より高い帯域幅と優れた電力効率を有するモバイルDRAM世代のLPDDR5Xは、従来の一元化されたVDD2レールを、VDD2H(VDD2の高電圧ドメイン)とVDD2L(VDD2の低電圧ドメイン)の2つの独立したドメインに再構成することで、この進歩を実証しています。この分割によって、さまざまなパフォーマンス要件に合わせたより正確な電圧制御が可能になりました。

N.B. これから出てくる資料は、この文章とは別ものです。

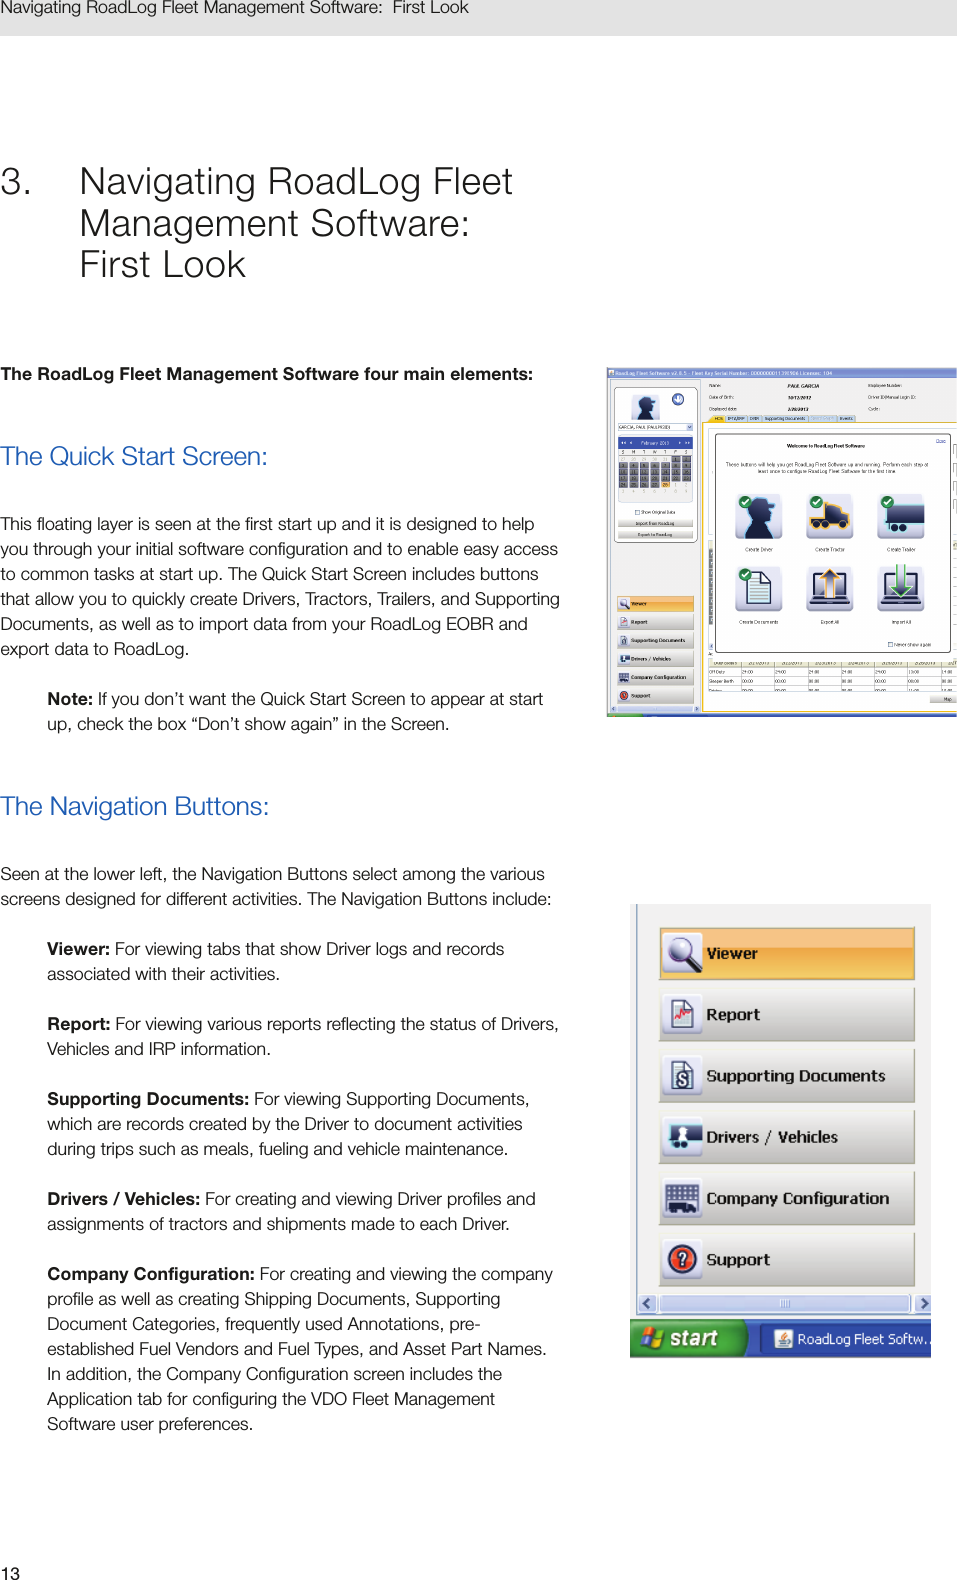 13Navigating RoadLog Fleet Management Software:  First Look3.  Navigating RoadLog Fleet Management Software:  First LookThe RoadLog Fleet Management Software four main elements: The Quick Start Screen: This floating layer is seen at the first start up and it is designed to help you through your initial software configuration and to enable easy access to common tasks at start up. The Quick Start Screen includes buttons that allow you to quickly create Drivers, Tractors, Trailers, and Supporting Documents, as well as to import data from your RoadLog EOBR and export data to RoadLog. Note: If you don’t want the Quick Start Screen to appear at start up, check the box “Don’t show again” in the Screen. The Navigation Buttons: Seen at the lower left, the Navigation Buttons select among the various screens designed for different activities. The Navigation Buttons include:Viewer: For viewing tabs that show Driver logs and records associated with their activities.Report: For viewing various reports reflecting the status of Drivers, Vehicles and IRP information.Supporting Documents: For viewing Supporting Documents, which are records created by the Driver to document activities during trips such as meals, fueling and vehicle maintenance.Drivers / Vehicles: For creating and viewing Driver profiles and assignments of tractors and shipments made to each Driver.Company Configuration: For creating and viewing the company profile as well as creating Shipping Documents, Supporting Document Categories, frequently used Annotations, pre-established Fuel Vendors and Fuel Types, and Asset Part Names. In addition, the Company Configuration screen includes the Application tab for configuring the VDO Fleet Management Software user preferences.

このアーキテクチャーを最大限活用するには、DVFSC(動的電圧・周波数スケーリング制御)やeDVFSC(強化型DVFSC)のような技術が不可欠です。これらの技術は、ワークロード需要に応じて電圧および周波数を動的に調整し、低速タスク時にVDD2Hの動作電圧を下げることで、消費電力を抑え、バッテリー持続時間を延ばします。

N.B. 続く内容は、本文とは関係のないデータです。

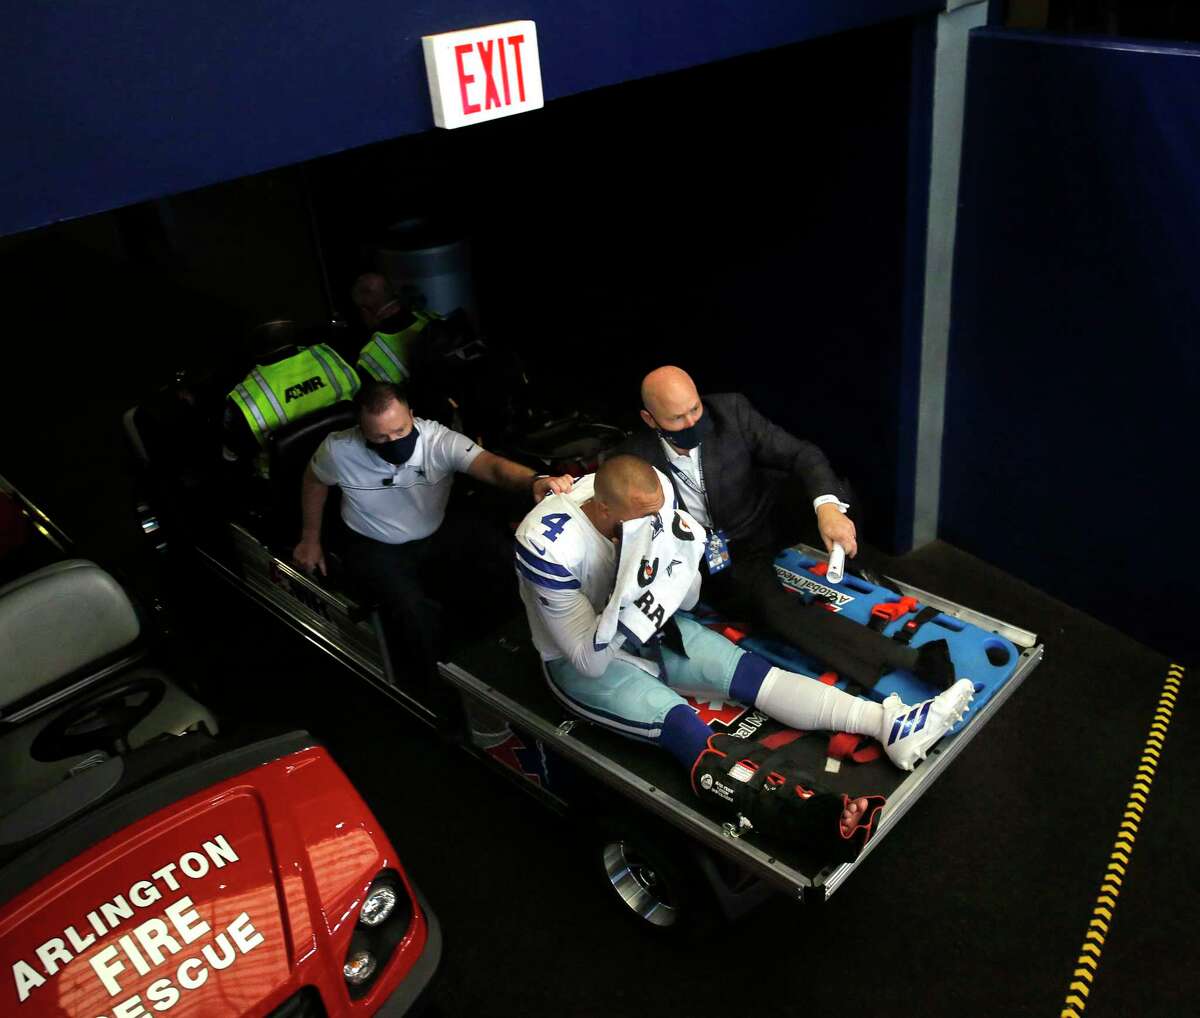 Dallas Cowboys quarterback Dak Prescott (4) is carted off the field after sustaining an ankle injury in the third quarter against the New York Giants on Sunday, Oct. 11, 2020 at AT&T Stadium Stadium in Arlington, Texas.

メモリバンクやコアロジックのような高性能コンポーネントは、速度と応答性維持のために、VDD2HやVDD1などの高電圧レールから継続的に電力供給を受けています。これに対し、周辺回路やI/O機能はVDD2LやVDDQなどの低電圧レールで動作し、低負荷タスクの電力消費を削減します。
低電圧VDD2Hにおけるマイクロンのイノベーション
VDD2HとVDD2Lの分割は、電源供給における柔軟性と効率性を新たなレベルに引き上げることで、極めて重要な進歩を示しました。エンジニアは、本来のVDD2レールからフル電圧を必要としないコンポーネントを特定することで、低周波動作時にシステムをVDD2Lで動作させることに成功し、応答性を損なうことなく消費電力を削減しました。
しかし、革新はそこで終わりませんでした。マイクロンのエンジニアは、VDD2Hから電力供給を受けていたコンポーネントでも、より低い閾値電圧を許容できることを発見しました。これにより、精密に調整されたVDD2Hの低電圧版である低VDD2H(LVDD2H)が誕生したのです。VDD2Hを動作可能な最低電圧レベルにまで引き下げることで、LVDD2Hモードは、すでにVDD2Lの分割によって得られている省電力効果に加え、さらなる節電を実現します。

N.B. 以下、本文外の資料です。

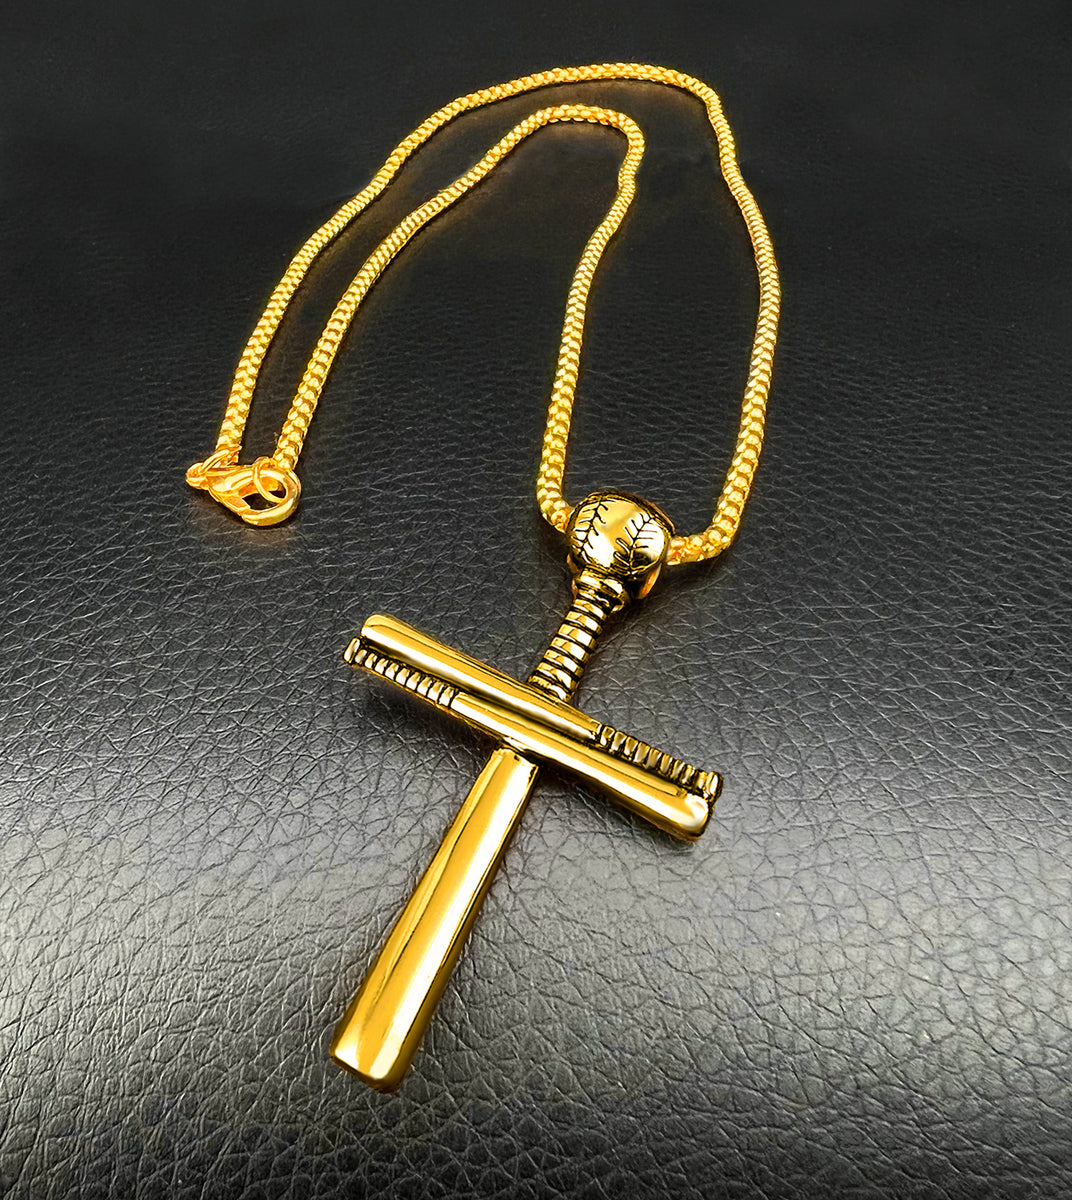 Mini Fede Studded Cross Charm in 18K Yellow Gold / Dolce Amore

特に高速動作モードにおいて、VDD2Hの電圧を下げることには、いくつかの重要なメリットがあります。
- 動的および静的消費電力を減らし、エネルギーの全体消費量を削減する。
- 電力の低下は熱の発生抑制につながるため、熱性能が向上する。
- 効率性が極めて重要となるモバイルおよび組み込みシステムにおいてバッテリー寿命が延びる。
LVDD2H動作モード
広範なテストと特性評価を通じて、マイクロンのエンジニアはLVDD2Hの2つの主要な動作モードである公称モードと最小モードを定義しました。
通常モードでは、エコシステムとの整合性に合わせて、8.533~10.7Gbpsのデータレートでは電圧レベルを1.05Vに維持し、7.5Gbps未満では電圧を下げています。最小モードでは、全てのデータレートでLVDD2Hの電圧を下げることができます。
LVDD2Hが可能にする消費電力の削減
マイクロンの社内テストでは、LVDD2Hの有意性が人工知能のマークアップ言語(AIML)および使用日数(DoU)の2つの主要なユースケースを通じて示されています3。AIMLワークロードにおいては、VDD2Hを1.060Vから0.98Vに下げることで、平均で最大8%の消費電力削減を実現しました4。電圧低減は12種類の異なるAIモデルで検証され、いずれも顕著な省電力効果が確認されました。LLMのなかでは、Llama 2-13bで最大12%の電力節約効果が示されました。これらの消費電力削減は、音声アシスタント、写真処理、自動修正、チャットボットといったAI搭載機能におけるエンドユーザーエクスペリエンスを直接的に向上します。DoUシナリオでは、8つの異なるユースケースにおいて電圧低下により平均5%の省電力効果が得られました。DoUユースケースは、モバイルを使って一日を通して行われる一般的なユーザー活動(Facebook上のチャット、音楽の再生、ウェブ閲覧、動画視聴など)を網羅しています。
今後の展望
電圧の低下は消費電力を直接的に削減し、ユーザーが日常的に実感できる形でバッテリー寿命を延ばします。テクノロジーがかつてない速度で進化するなか、高度なメモリソリューションは進化の対応に不可欠です。マイクロンは、エンドユーザーが実感できるプラスの効果を作り出すために、設計段階から電力効率とパフォーマンスの最大化を追求し、エネルギー効率の高いDRAMの業界基準を確立しています。私たちは、エコシステムパートナーと密接に協力することで、連携したイノベーションと業界全体の発展を支援し、データの未来を構築しています。私たちは、イノベーションと卓越性の追求を惜しまず、常に一歩先を行くことで、次世代の体験を創出するソリューションを提供し続けています。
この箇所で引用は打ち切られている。